There is a way to read SC20 to mean "why yes of course you can use tooling 
to support the detection of violating or otherwise unwanted configuration 
(changes) as opposed to having to have a human look at loads and loads of 
stuff, and in turn please document the judgement calls you will 
undoubtedly have to make anyway and bind yourself to remedy any findings". 
I know this because that is essentially how I read it. You obviously very 
strongly do not read it like this, and that may very well be the failure 
of us who worked on the Ballot Draft, but we tried.

>> And last but not least, what if a CA says "yes sure, Hans complained 
>> about this issue since 2016, but we are not in a habit of listening to 
>> him anyway"; the current language in the NSRs does not require any 
>> resulting action whatsoever. That is, unless you consider at least some 
>> configuration issues found under review to be a "Critical 
>> Vulnerability" (do you?). Or am I missing another mechanism?
>>
>
> I do agree that the proposal benefits from placing remediation in scope.
> However, and again, this is nothing new as the past several years of
> incident reports show, a more practical and common answer is "Yes, Hans
> complained about this for years, so we scheduled this for our 2021
> refresh." And that's part of why I say the proposed improvement is... not
> much.

Indeed, if what you describe is the norm, the gain would be frustratingly 
small. I wonder though if this would best be improved as part of the

>
>> That said, what would we need to do language-wise to put you in a 
>> position to act on a "less-than-stellar" assessment of 
>> security-relevant configurations in the same way that you say you could 
>> act on review failures?
>>
>
> I think the existing language, while not perfect, addresses that better
> than the proposed language, in that it reduces ambiguity and
> interpretation. I'm still uncertain about the need to leave things
> generalized by limiting it to a subset of the affected systems, a subset of
> the configuration, or ambiguous statements such as "where applicable". In

I feel the need to point out that the current 1h also restricts the scope 
of review to "Issuing Systems, Certificate Management Systems, Security 
Support Systems, and Front-End / Internal-Support Systems".

> short, I don't think there is or should be room for interpretation, or when
> it is afforded, it should be accounted for with some degree of
> transparency; whether in the results, the disclosure, or some other form is
> perhaps situation dependent.

Well, what if it is not applicable? By listing some items explicitely 
(which the current NSRs just do not) we would force CAs to check them even 
if they simply do not exist. For example on an offline system that is so 
offline that is has no network hardware, no network drivers, and no 
network stack, for example.

> Today, that transparency is partially accounted for through the incident
> reports that Mozilla makes public, which helps the whole community - Forum
> included - better understand where challenges are.
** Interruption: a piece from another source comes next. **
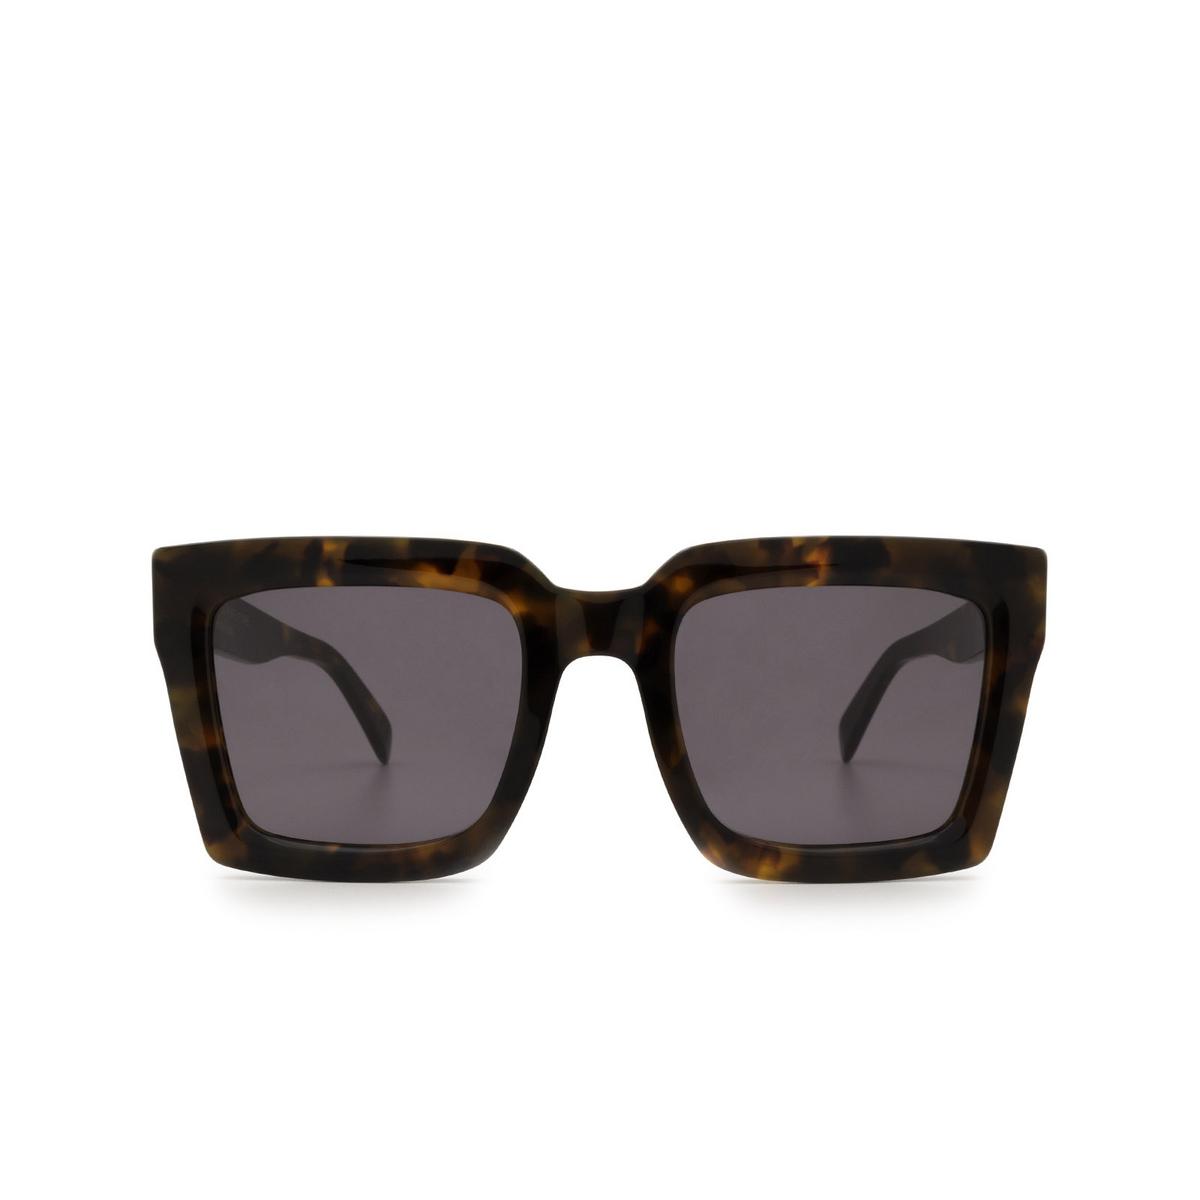 Retrosuperfuture® Square Sunglasses: Ancora color Classic Havana BX2 - front view.

If there are specific
> cases you can demonstrate where non-compliance existed, but was deemed to
> be reasonable, that might help find better language - as we saw in the
> revocation discussions. If there are specific implementation examples where
> the existing requirements prevent or create challenges for CAs to implement
> reasonable mitigations, that too is useful to share - as we saw in the
> validation discussions. But I don't think we'll end up with good results
> trying to abstract it away.

The motivation has not been to abstract anything away. To repeat the 
motivations:

* Automated tooling to detect violating or unwanted changes would be
   compliant, human review does not need to be implemented in so far as the
   tooling covers the issue; we assume this to give better results than
   human review
* The assessment of scope would now be explicit and documented

My personal view additionally is that, once CAs have adopted this, they 
would probably want to use the systems they use for implementation and 
detection for other systems as well, which are out of scope, and as a 
result of having moved to tooling supported configuration implementation 
and violation detection, we may (more) easily get CA support in extending 
the scope and reducing timeline for detection.